President of the Senate
- In office 15 May 1912 – 15 May 1915
- Preceded by: Carlos Aldunate Solar
- Succeeded by: Eduardo Charme

Personal details
- Born: 28 July 1862 Santiago, Chile
- Died: 29 January 1934 (aged 71) Santiago, Chile
- Party: Conservative Party
- Parent(s): Silvestre Ochagavía Errázuriz Concepción Echaurren García-Huidobro
- Alma mater: University of Chile (LL.B)
- Occupation: Politician
- Profession: Lawyer

= Silvestre Ochagavía Echaurren =

Chilean politician

Silvestre Ochagavía Echaurren (born 28 July 1862 – 29 January 1934) was a Chilean politician and lawyer who served as President of the Senate of Chile.

==Biography==
He was born in Santiago, at the Chacra Ochagavía, on 28 July 1862, son of Silvestre Ochagavía Errázuriz and Concepción Echaurren García Huidobro.

He married Isabel Hurtado Larraín and, in a second marriage, Carmen Echeverría; he had eight children.

He received private instruction at his residence and later entered the Colegio de los Sagrados Corazones, where he studied between 1872 and 1878. He subsequently studied law at the University of Chile and was admitted to the bar on 9 November 1883.

He was member of the Conservative Party and served on its executive board in 1906 and on its General Directorate in 1912.

He was one of the country's major wine industrialists, owner of the “Viña Ochagavía,” located on the outskirts of Santiago.

In 1916 he was appointed Minister of Foreign Affairs, Worship and Colonization, serving from 30 April to 1 July 1916 under President Juan Luis Sanfuentes; he resigned due to internal disagreements within the Conservative Party.

In 1925 he presided over the Tribunal Calificador de Elecciones.

He was one of the owners and directors of the newspapers El Diario Ilustrado and La Unión.

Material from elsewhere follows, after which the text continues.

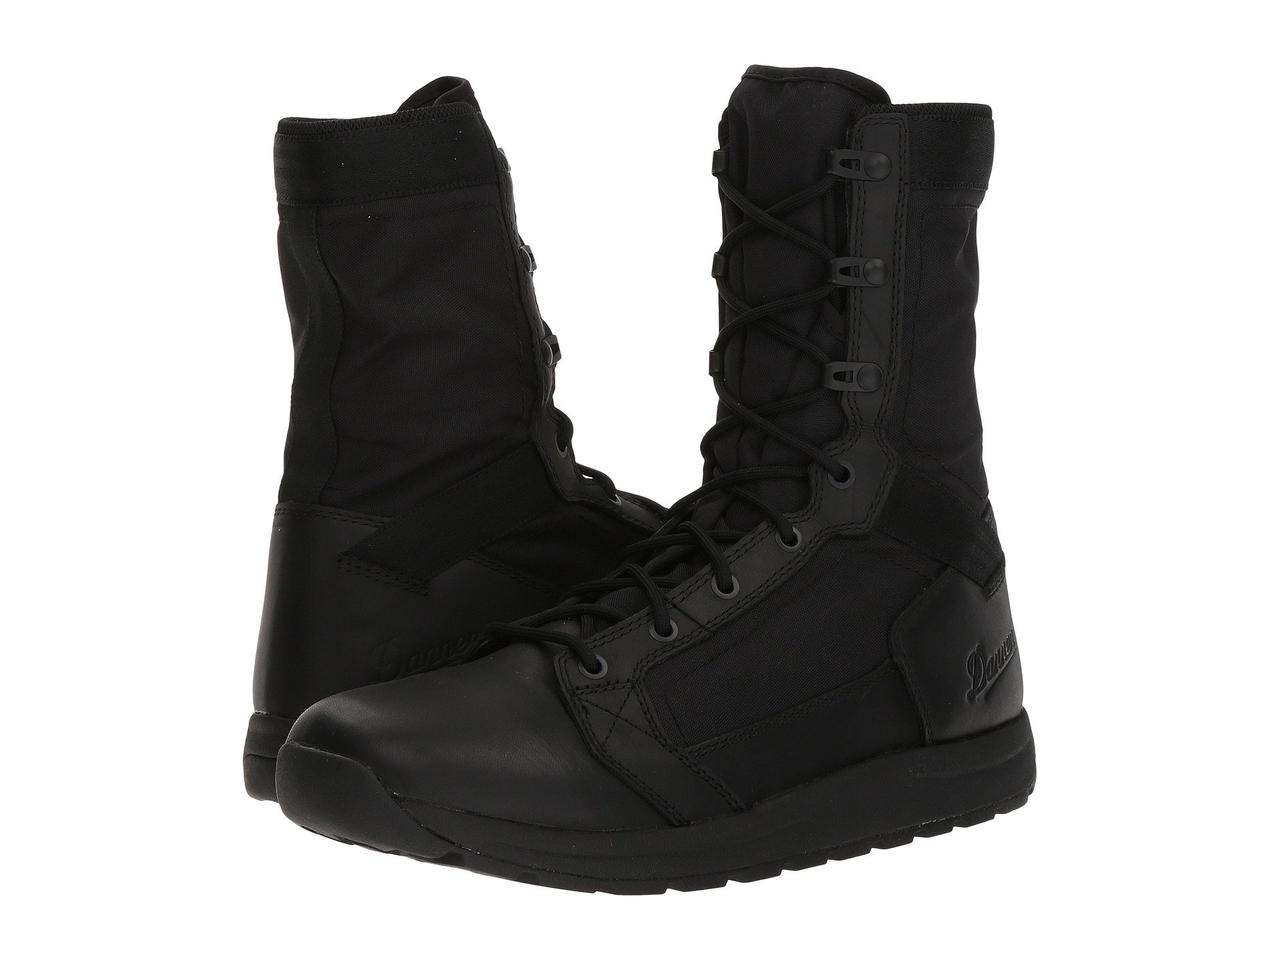 "Ботинки/Сапоги (Оригинал) Danner Tachyon 8"" Polishable Black"

His travels abroad allowed him to acquire knowledge that he applied to his industrial enterprises. He also participated actively in charitable institutions and was member of the Club de la Unión and of the Sociedad Nacional de Agricultura (SNA).

He died in Santiago, at the Chacra Ochagavía, on 29 January 1934.

==Parliamentary career==
He was elected deputy for Rere and Puchacay for the 1891–1894 period, joining Congress on 24 December 1891. He was re-elected for the same constituency for the 1894–1897 period, serving on the Permanent Commission of Education and Charity.

He was elected deputy for Llanquihue, Carelmapu and Osorno for the 1897–1900 period and continued serving on the Permanent Commission of Education and Charity. He was again elected for the same district for the 1903–1906 period, joining the Chamber on 28 July 1903 and serving as alternate member of the Permanent Commission of Finance.

He was elected senator for Chiloé for the 1912–1918 period and served as President of the Senate from 14 October 1914 to 2 June 1915. He was alternate member of the Permanent Commission of Foreign Affairs and member of the Permanent Commissions of Public Instruction, War and Navy, and Interior Police.

He was re-elected senator for Chiloé for the 1918–1924 period, serving as alternate member of the Permanent Commission of Foreign Affairs and Worship and member of the Permanent Commission of Interior Police.

He was again elected senator, this time for the Third Provincial Grouping “Aconcagua and Valparaíso,” for the 1926–1934 period. He served on the Permanent Commissions of Public Works and Communications and Labor and Social Welfare, and as alternate member of the Permanent Commission of Foreign Affairs.